On 12 March 1976, Al Jarreau played for the first of three evenings in Onkel Pö. The concert on the second evening was broadcast live on Norddeutscher Rundfunk (NDR) radio, and Al Jarreau was signed up for a television show, The Al Jarreau Show.

The television talk show in NDR, NDR Talk Show, was recorded in Onkel Pö, but moved back to the studios because Peter Marxen refused to allow Arno Breker in as a guest.

New Wave Bands such as Talking Heads and the Roundheads performed in Onkel Pö.

==Closure==

In 1979, Marxen left to take over Forsthaus Hessenstein, a restaurant near Lütjenburg. His successor, Holger Jass, changed Onkel Pö from the Corner of Jazz to a Corner of Jazz and Rock.
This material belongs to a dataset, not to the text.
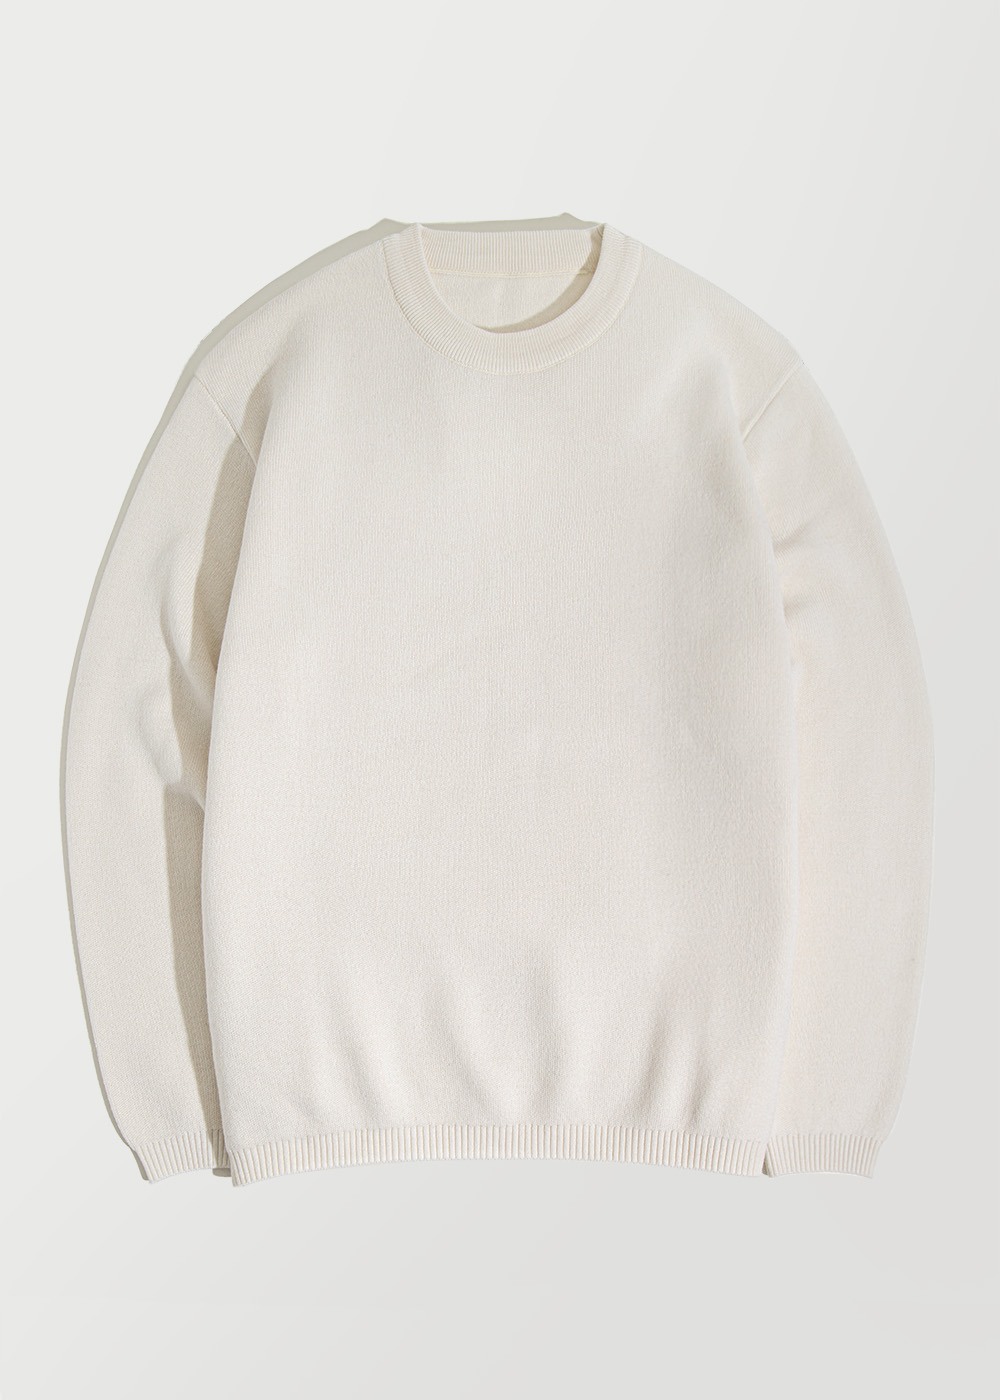 Wool Blended Casual Crewneck Knit _ raw white
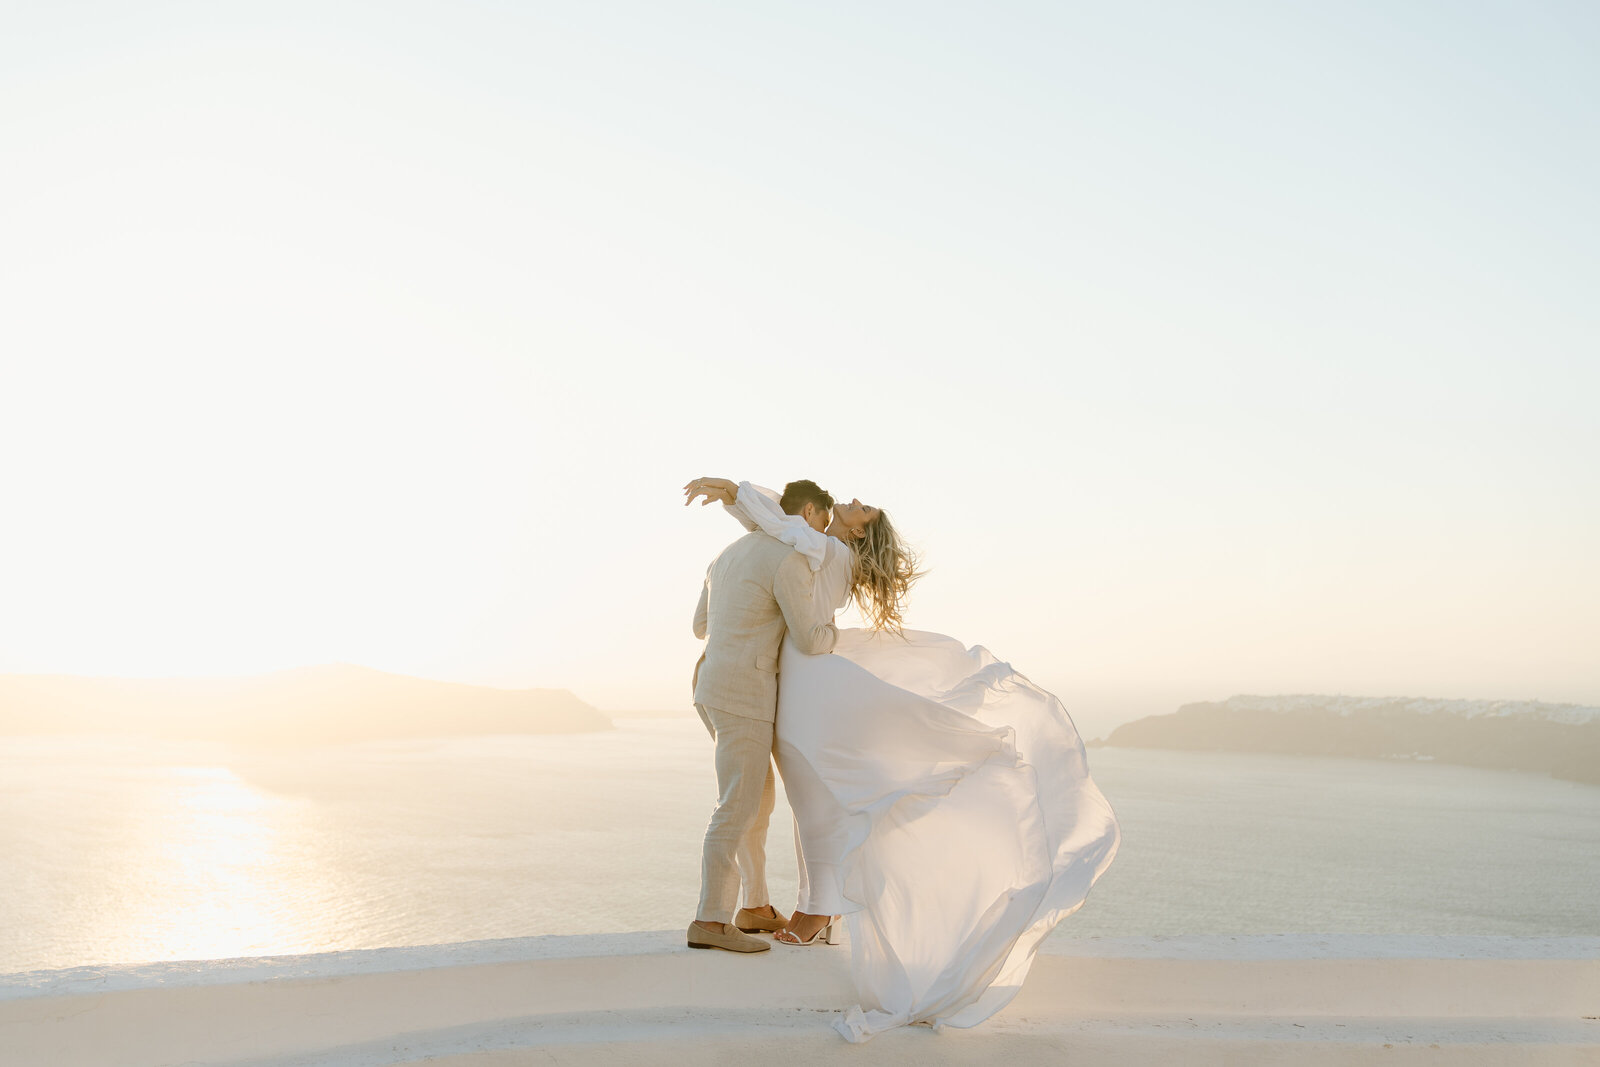 Couple in wedding attire elopeing on a rooftop in Santorini Greece

Andreas Kiel was responsible for the programme until Onkel Pö closed at 8 a.m. on 1 January 1986. The restaurant which took over the venue was called Legendär (Legendary), but since 1 November 2006, it is used by the Schweinske chain of restaurants.

Bernd Cordua tried without much success to open various venues with the name Onkel Pö.

==Cultural references==
The German singer Udo Lindenberg mentioned the venue in his album Alles klar auf der Andrea Doria with the lines Im Onkel Pö spielt ´ne Rentnerband seit zwanzig Jahren Dixieland... in the song Alles klar auf der Andrea Doria.

British singer Tom Robinson mentions this establishment in his song "Atmospherics: Listen to the Radio", which was covered by Toronto's Pukka Orchestra on their self-titled debut album.

A 60-minute documentary film Eppendorf’s Cavern – The Legendary Onkel Pö (original German title Die Höhle von Eppendorf - Das legendäre Onkel Pö) was directed by Oliver Schwabe and featured in the Filmfest Hamburg in 2016.